Using fish eye extractor pipeline version 3, all 15 trevally and 13 out of 15 snapper were able to extract fish eye contour. The only two failed images was due to the image quality, the fish eye area was burred in the original image. this could due to the fish movement during picturing time.
Reference:
https://docs.opencv.org/trunk/da/d22/tutorial_py_canny.html
https://docs.opencv.org/3.4/da/d97/tutorial_threshold_inRange.html
Week 6 2020 04 17
I try to run my fish eye extraction pipeline on all trevally photos and only one-third of them working well. The reason could be the difference in background color and the fish have different patterns of color near the head area.
There are 15 Trevally’s photos in my data set and can be divided into three sub-sets:
- Small fish with a blue background.
- Small fish with a red background.
- Big fish with a blue background.
The eye extraction function can outline the contour of the dark area of the fish eye and calculate the center point of the eye. It can also draw the contour and the center point on the preview image.

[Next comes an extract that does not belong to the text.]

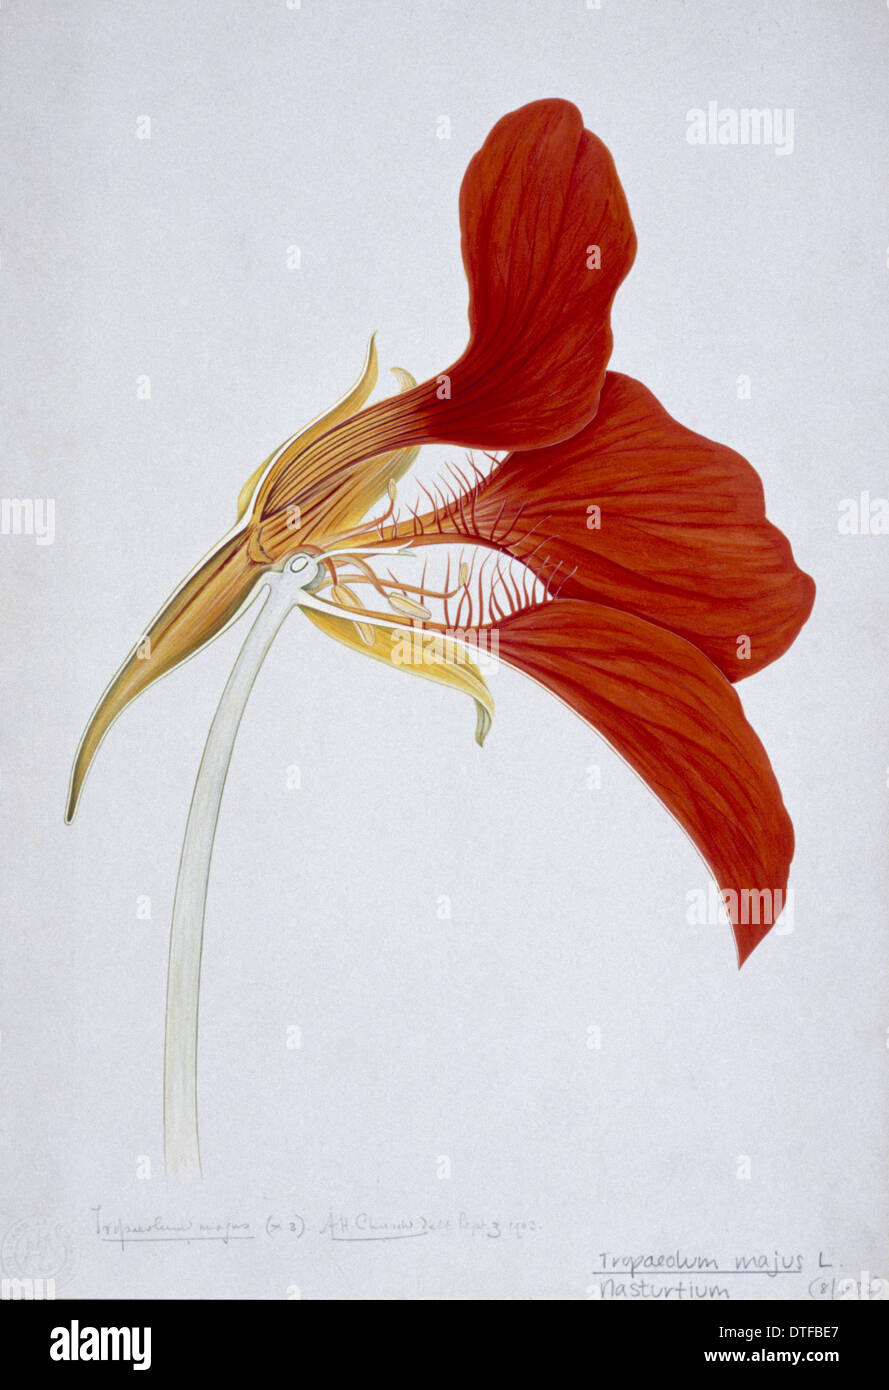 Illustration de la fleur d'Arthur Church Banque D'Images

However, in this stage, the function only works on the first sub-set of the trevally images, first 5 images.
The rest of the image is failed to identify the eye like this:

To identify the problem, I try to check each step of my function and generate all the images in each step.
The outline of the function:
It works as the following step(outline):
- Do Grayscale
- Do Histogram correction
- Threshold image to binary
- Extract contours
- Filter round contours
- Filter to get the largest circle
I found out that the binary image using 110 as the parameter produce two problems:
- It identified a larger dark area above the eye
- The eye is not circular

Compare with the original image, I guess the reflection on the eye causes a lighter blacker and filter out during the binary thresholding of the image.
So, I am trying to focus on the Histogram correction step and try to make all the background of the image to light color and see how it works.
Week 4
After the completion of the first version of the fish eye pipeline, I have get access of more data such as trevally, snapper images with different size and color background.
However, because of the covid-19, PFR lockdown. I am not able to work in the facility and all of us need to prepare work distance at home.
My supervisor David suggest me to work at home and he will figure a way to make it work.
And all my work, code and note, is on the PFR computer and as a student, the policy does not allow me to take the company’s computer back home. So, I need to set up all the things again on my PC to continue my project. It includes installing Python and PyCharm, install GitHub and download the repo I am working on.
At later this week David will send me a subset of the fish photo which includes different stages(age) of the fish on two different species which are snapper and trevally.
Finally, I got everything set up as before, now I can keep working on my project again. With the great help form David and Jacky, I have a subset of the fish photo and get the program from GitHub.
Thank you all for the help from David and Jacky!!